Patanjali Ayurved Ltd. (Patanjali Pure Cow’s Ghee): The reference to ‘Keratin’ content in Cow’s milk in the advertisement was found to be an error. The word Keratin was used instead of ‘Carotene’ and the claim ‘Scientific fact: Cow’s milk contains Keratin’ was incorrect.
Patanjali Ayurved Ltd. (Patanjali Atta Noodles): The claim in the advertisement, ‘Oil Free’ was not substantiated and is misleading by implication.
Coca-Cola India Pvt. Ltd. (Coca-Cola Zero): The disclaimer in the advertisement of Coca-Cola Zero was not as per the size stipulated in the ASCI Guidelines for Supers. It was concluded that disclaimer in the advertisement is not clearly legible. The advertisement contravened the ASCI Guidelines on Supers.
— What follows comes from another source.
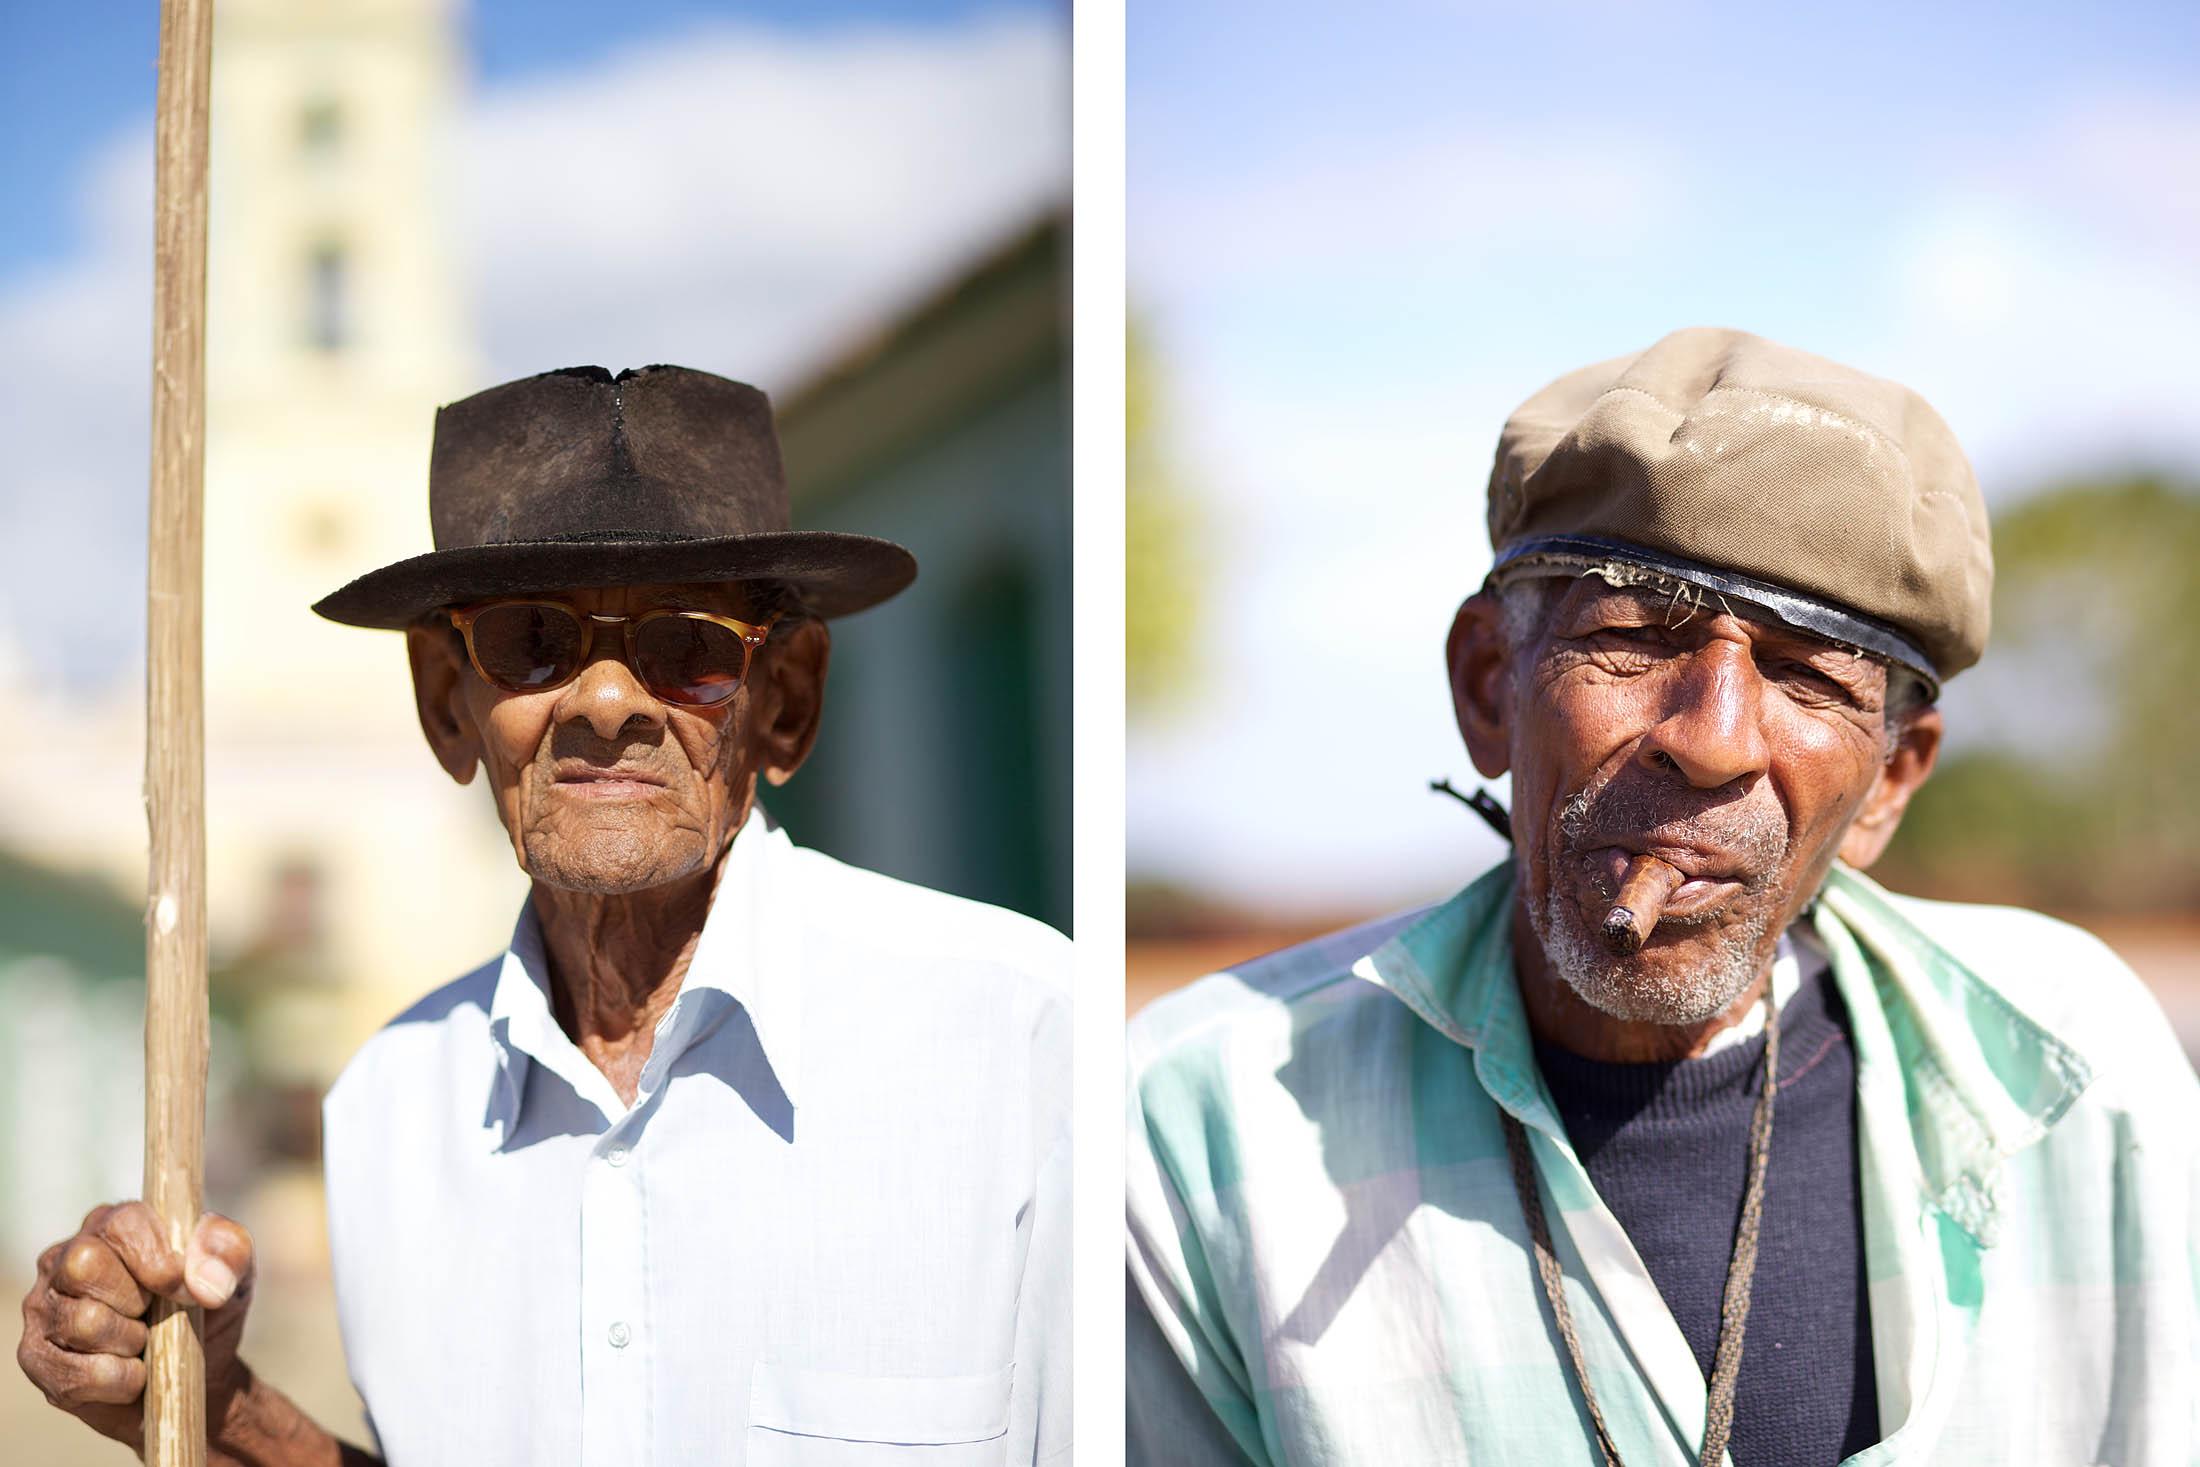 Cuban portraits

Facebook India (Facebook Free Basics): The claim in the advertisement, ‘Free Basics is at risk of being banned’ was considered to be misleading by exaggeration. Further, the claim in the advertisement, ‘Through a trial of Free Basics by Facebook, Ganesh learnt new farming techniques that doubled his crop yield’, the farmer’s interview / testimonial is not an adequate substantiation for the claim quantifying doubling of crop yield directly attributable to the Free Basics trial by the farmer. Also, it was not conclusively proven what the crop yields were prior to Ganesh using internet and post using Free Basics trial. Using an individual testimonial without any claim support data, while reaching out to consumers at large, was considered to be misleading by implication and exaggeration. Also, in the absence of any disclaimer to that effect, the reference to the claim in the advertisement, ‘benefits of Free Internet’ was misleading by ambiguity.
Amazon.in: The discrepancy between the specification declared on the Amazon.com web-site for AdraxxCrosman Roof Prism Binoculars, and the specification mentioned on the product visual led to the conclusion that the advertisement is misleading.
The Times of India: The claim in the advertisement, ‘Presenting India’s most challenging school quiz.’ was not substantiated by providing comparative data versus other contests of similar nature to support how this quiz is better in the challenge level and the claim of the ‘Most’ challenging quiz.